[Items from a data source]
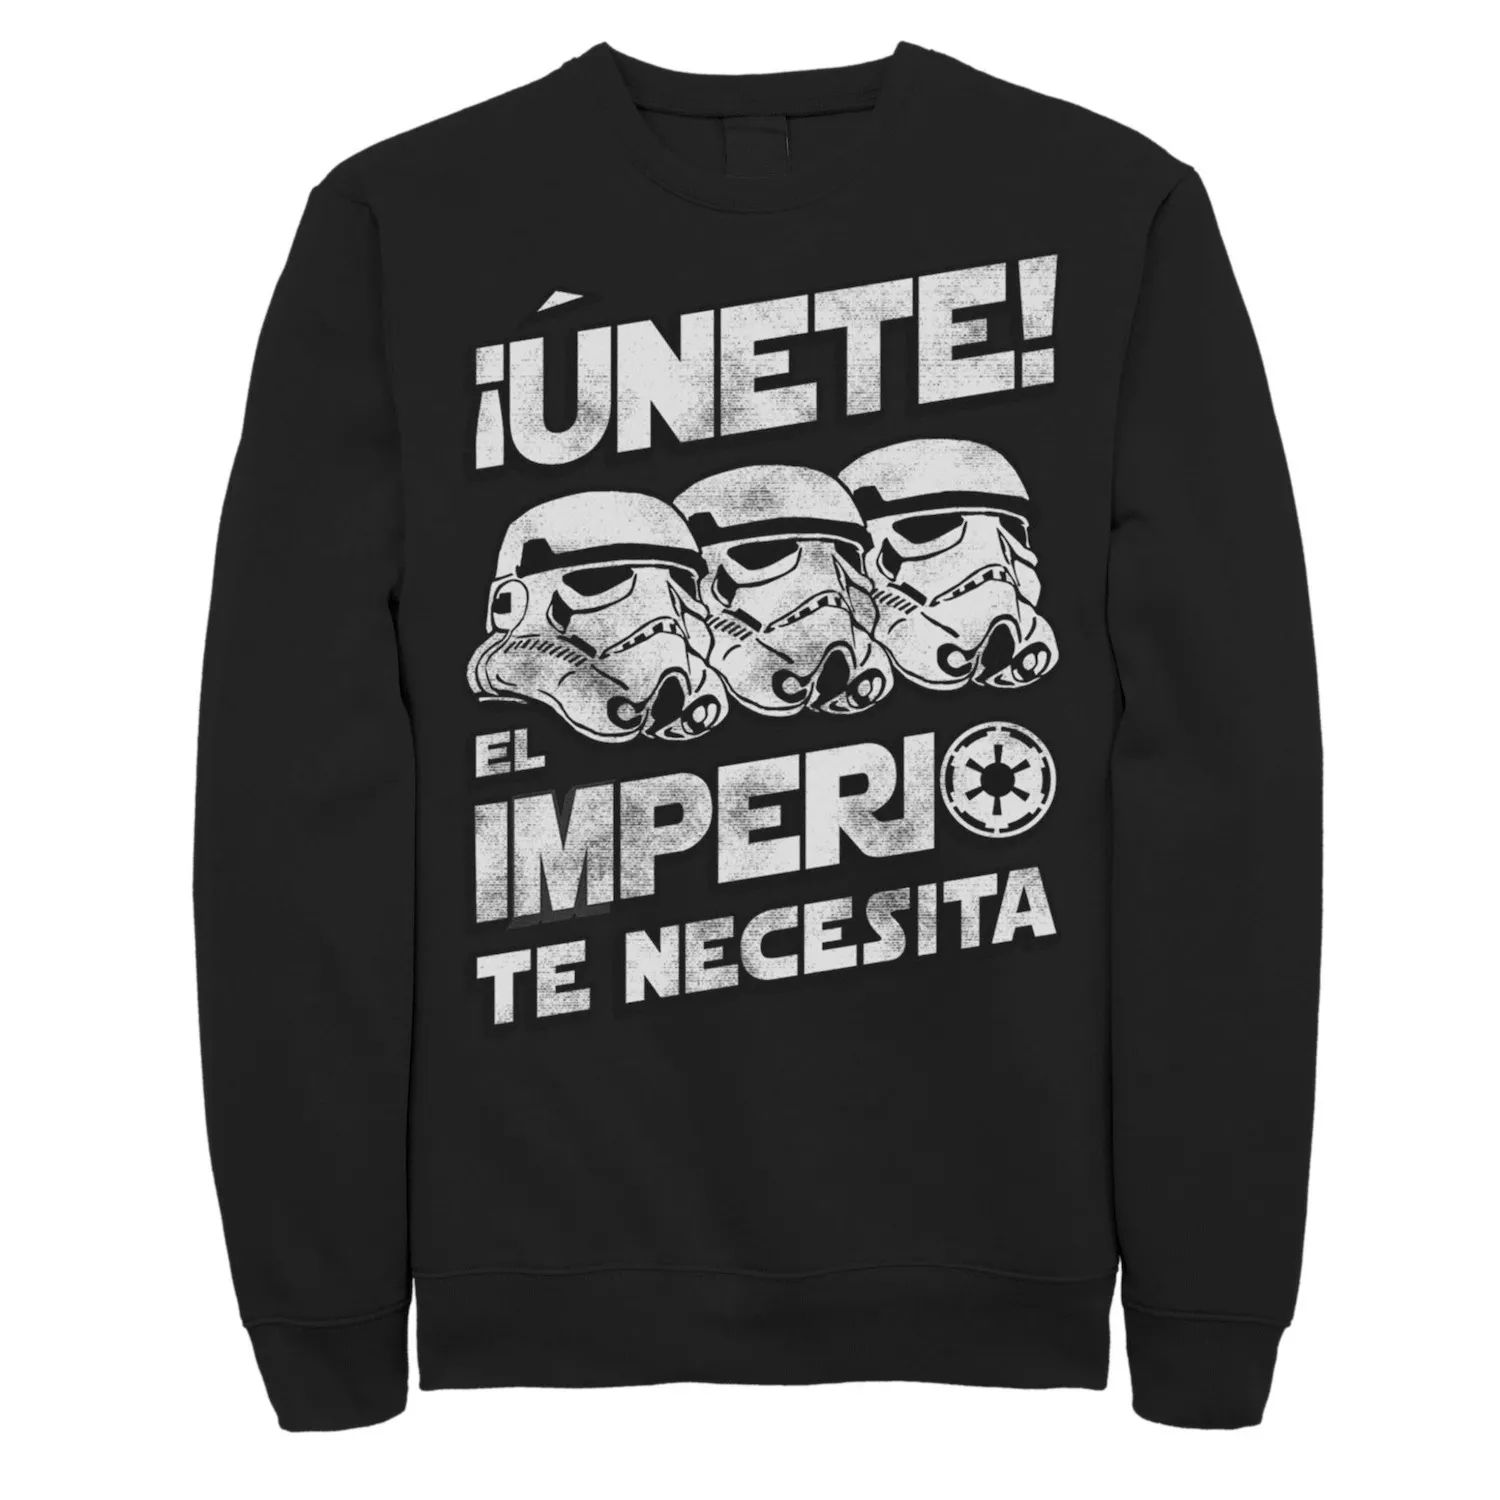 Мужской свитшот с выцветшим портретом «Звездные войны» Unete El Imperio Te Necesita Stormtrooper, Black Licensed Character, черный
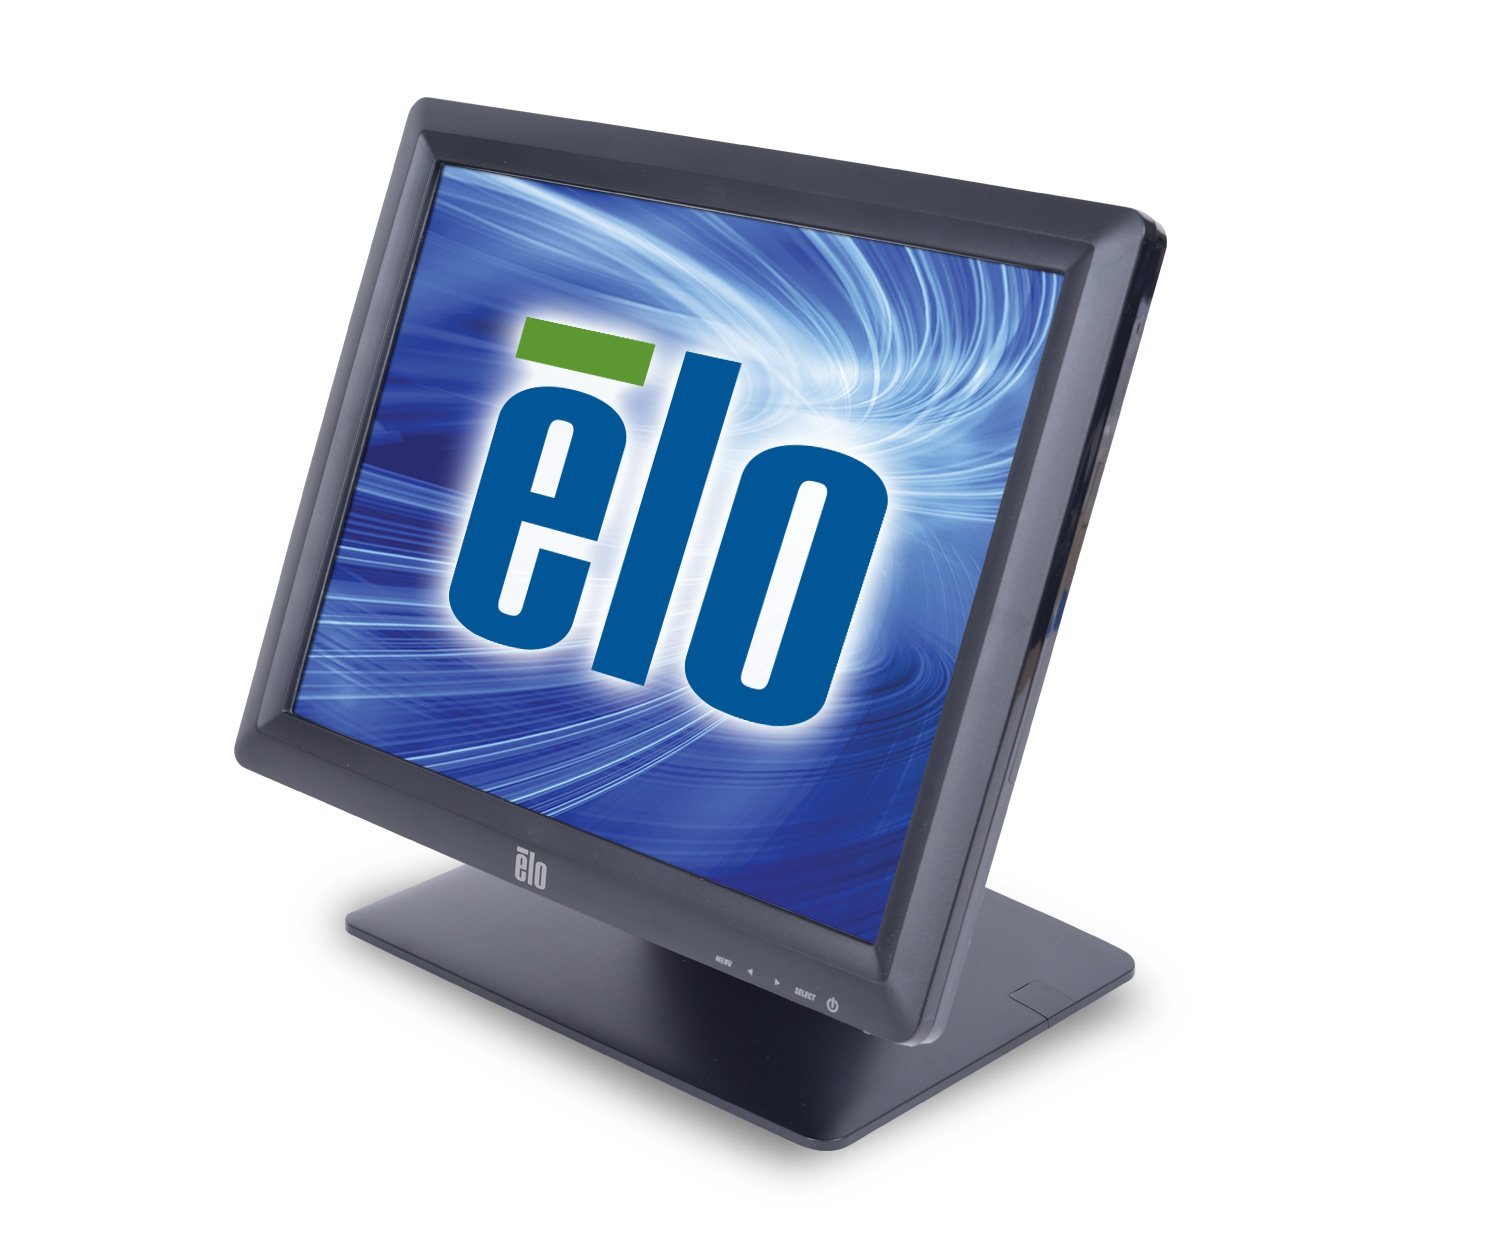 Elo Monitory dotykowe  Desktop 1517L AccuTouch — 15-calowy monitor LED z ekranem dotykowym
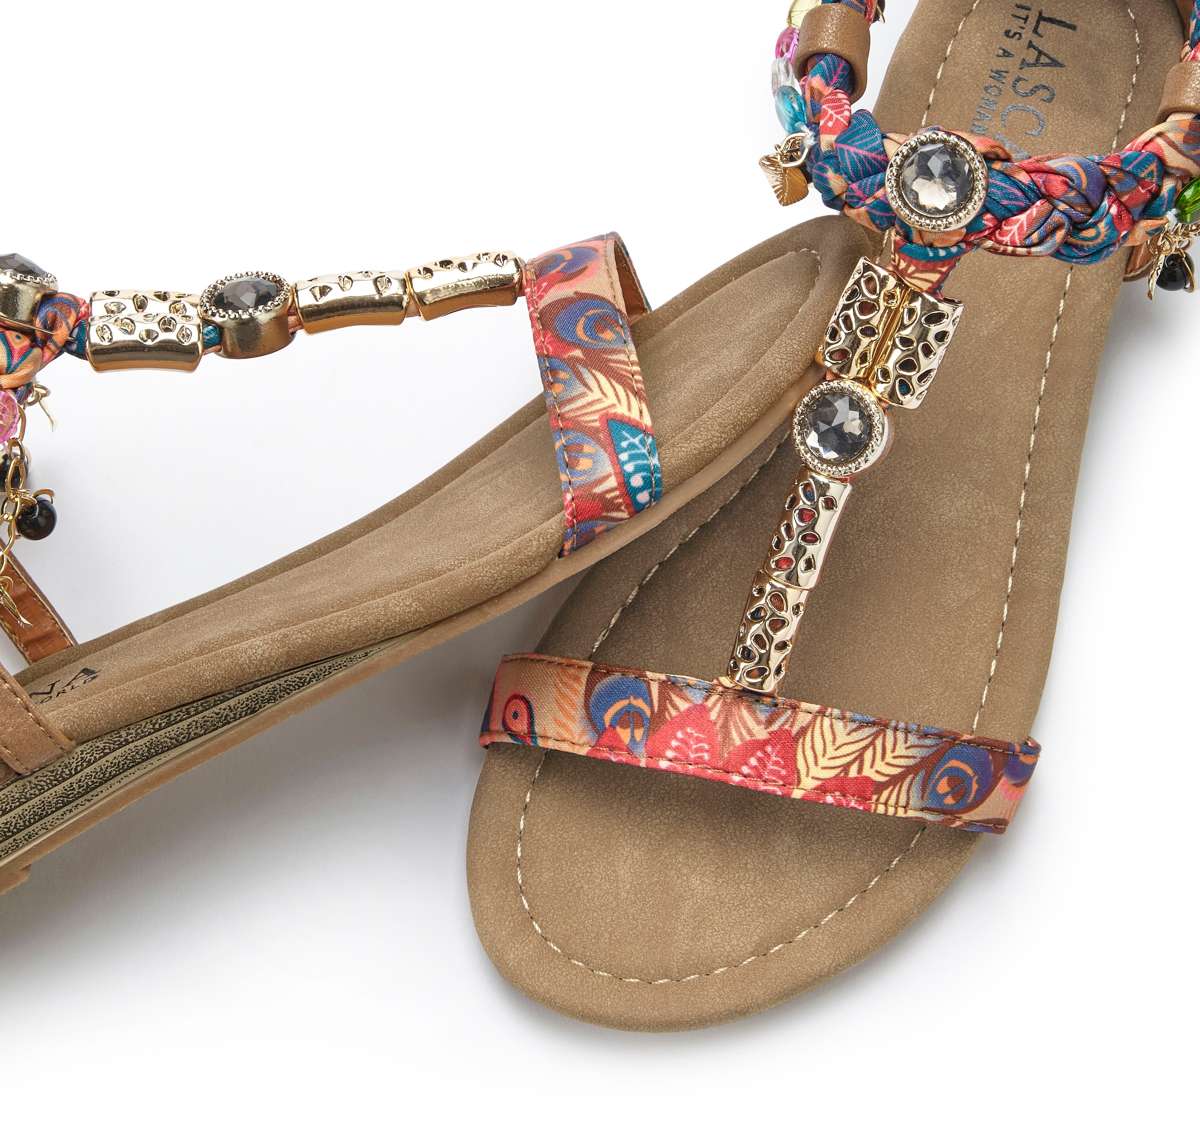 Сандалии, сандалеты, летние туфли с декоративной цепочкой и драгоценными камнями VEGAN
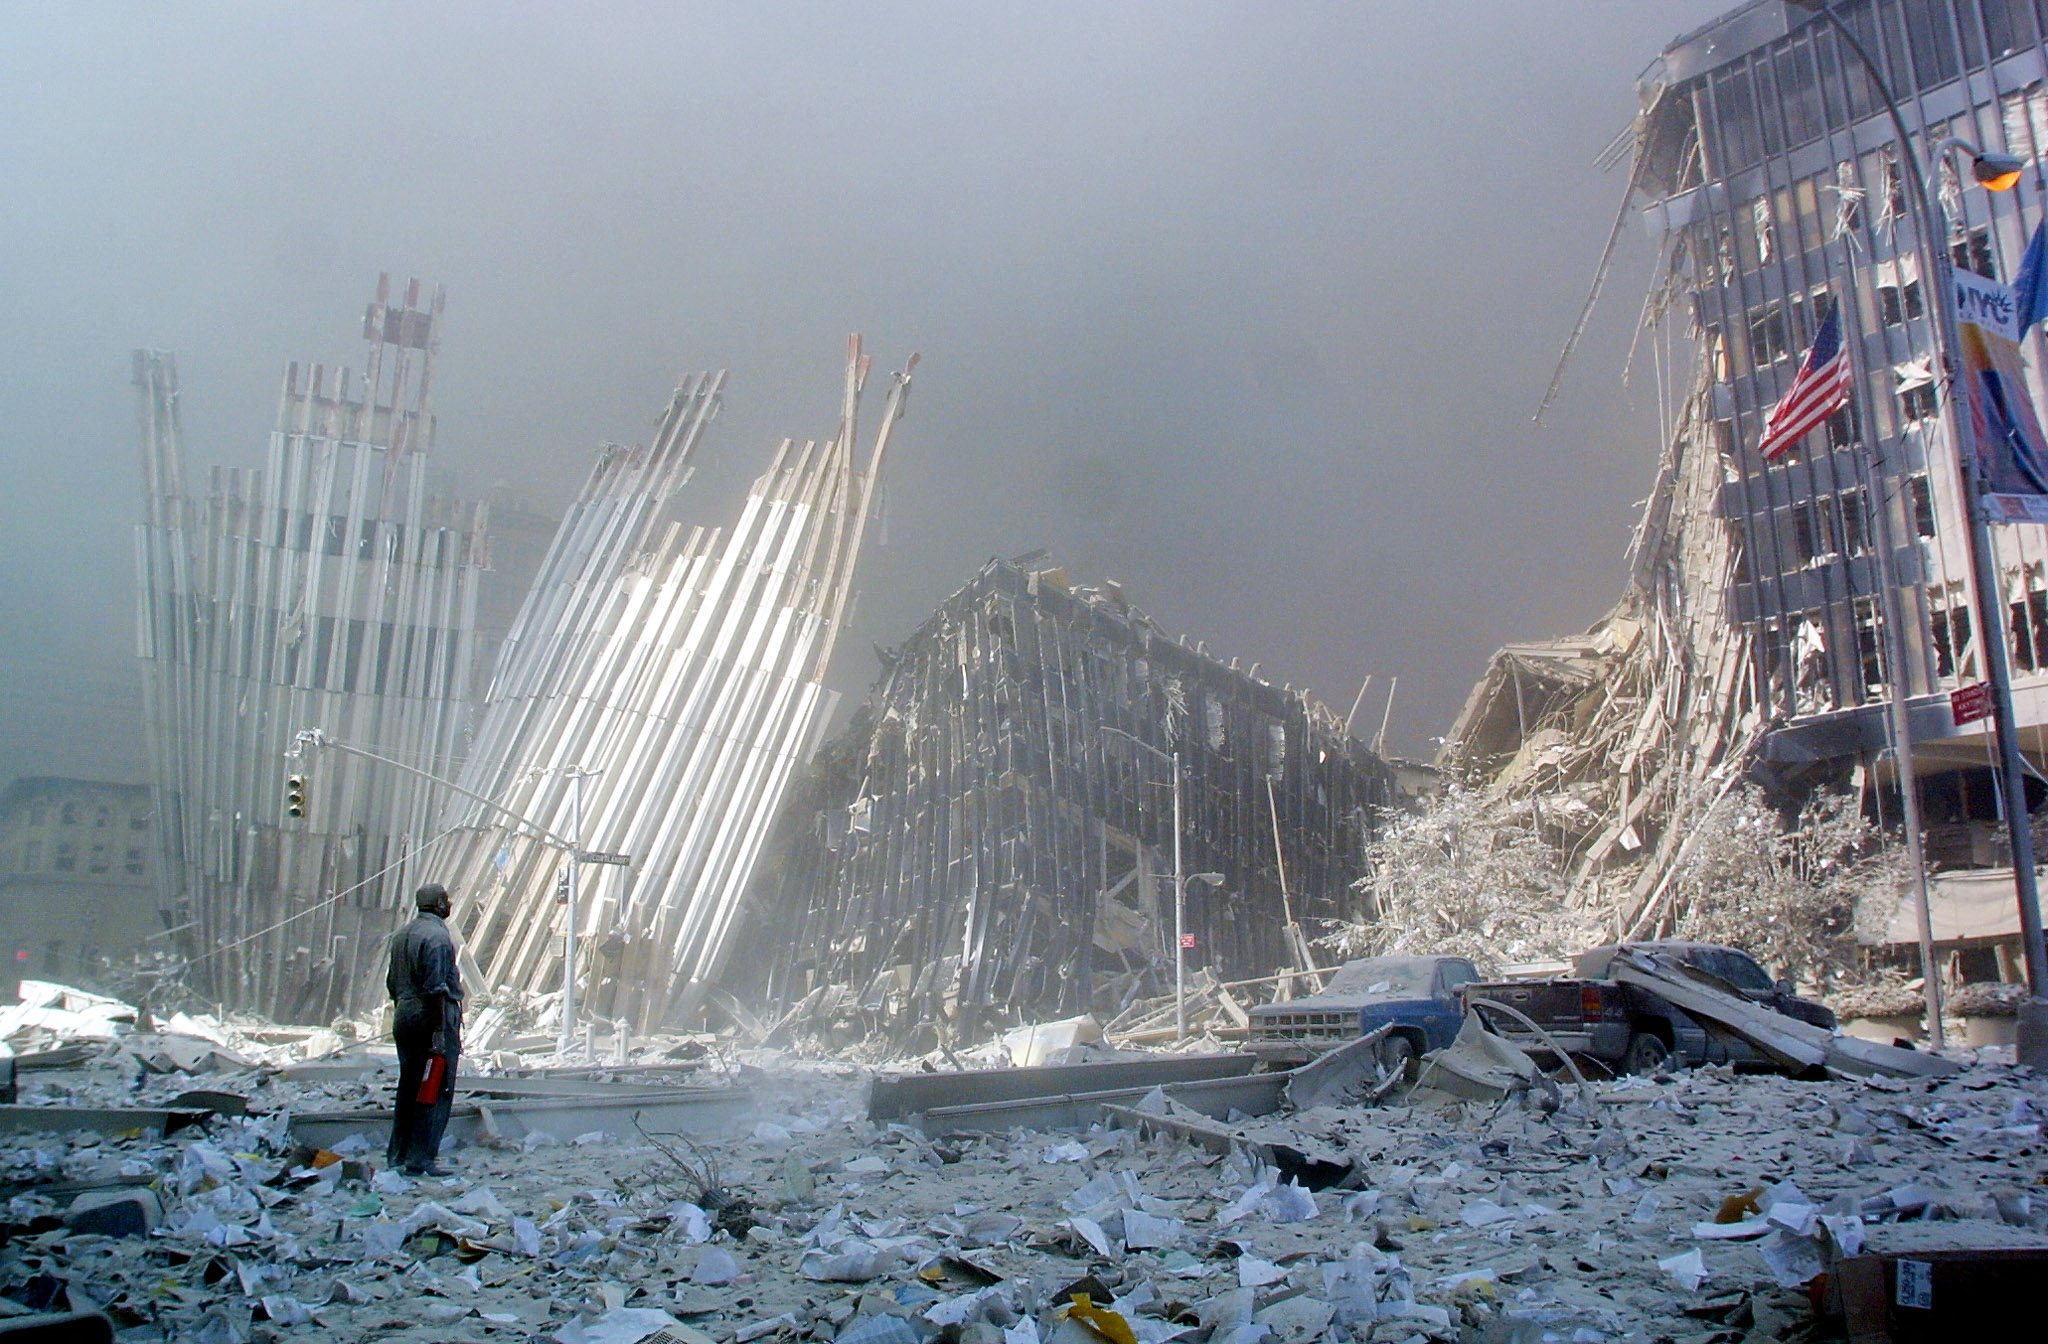 Cerca de 3 mil personas fallecieron en los ataques terroristas registrados hace casi 20 años. (Foto Prensa Libre: AFP)
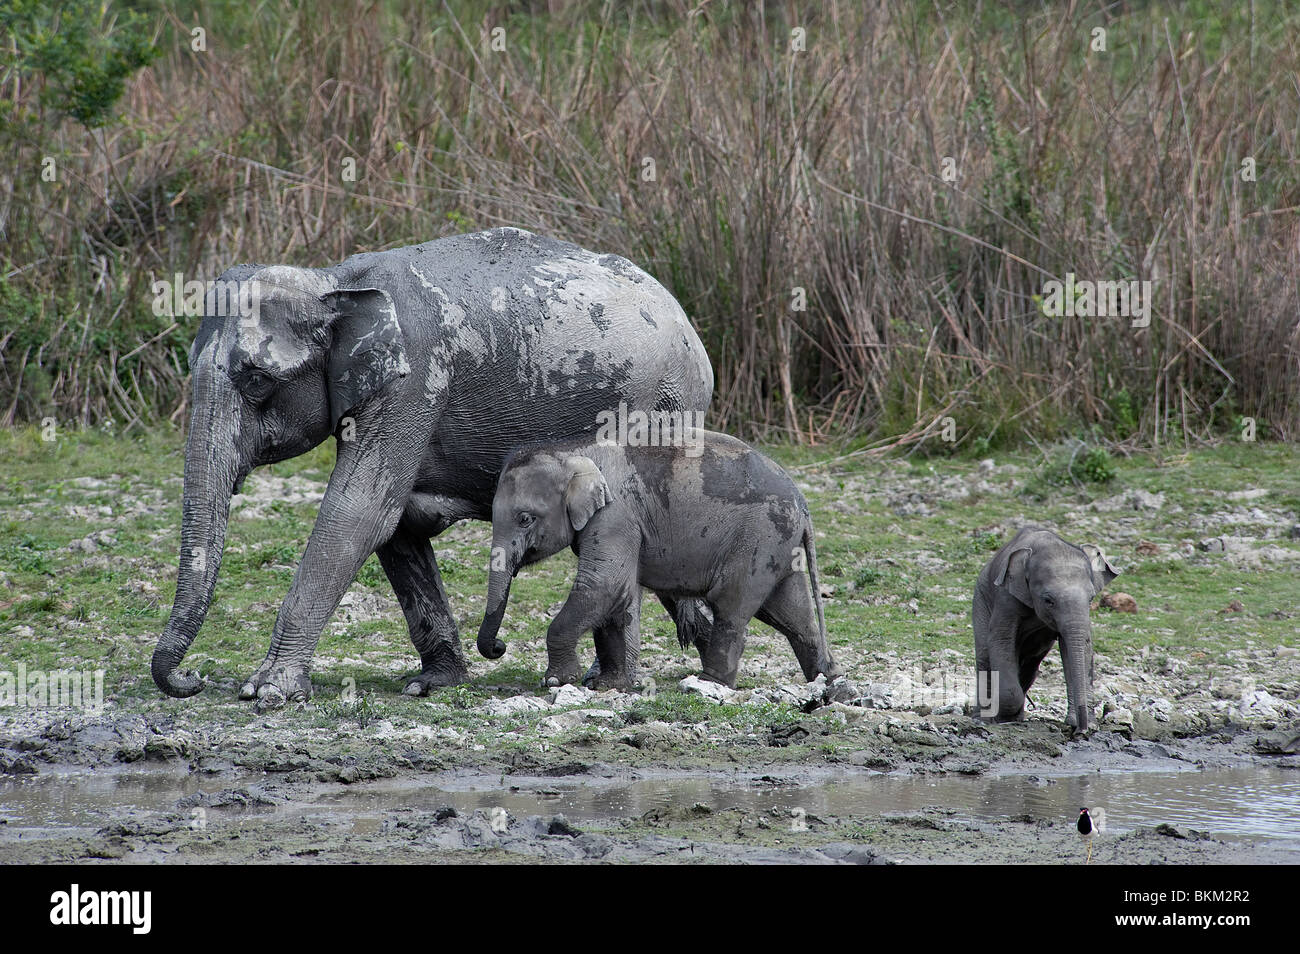 L'éléphant d'Asie, Elephas maximus, mère de bébés Parc national de Kaziranga, Inde Banque D'Images

◆ PROBLEM ◆
Output exactly, and only, the lines running from the line containing "Cerca de 3 mil" to the last line of the entries above, omitting the pictures.

◆ ANSWER SPACE ◆
 Cerca de 3 mil personas fallecieron en los ataques terroristas registrados hace casi 20 años. (Foto Prensa Libre: AFP)
 L'éléphant d'Asie, Elephas maximus, mère de bébés Parc national de Kaziranga, Inde Banque D'Images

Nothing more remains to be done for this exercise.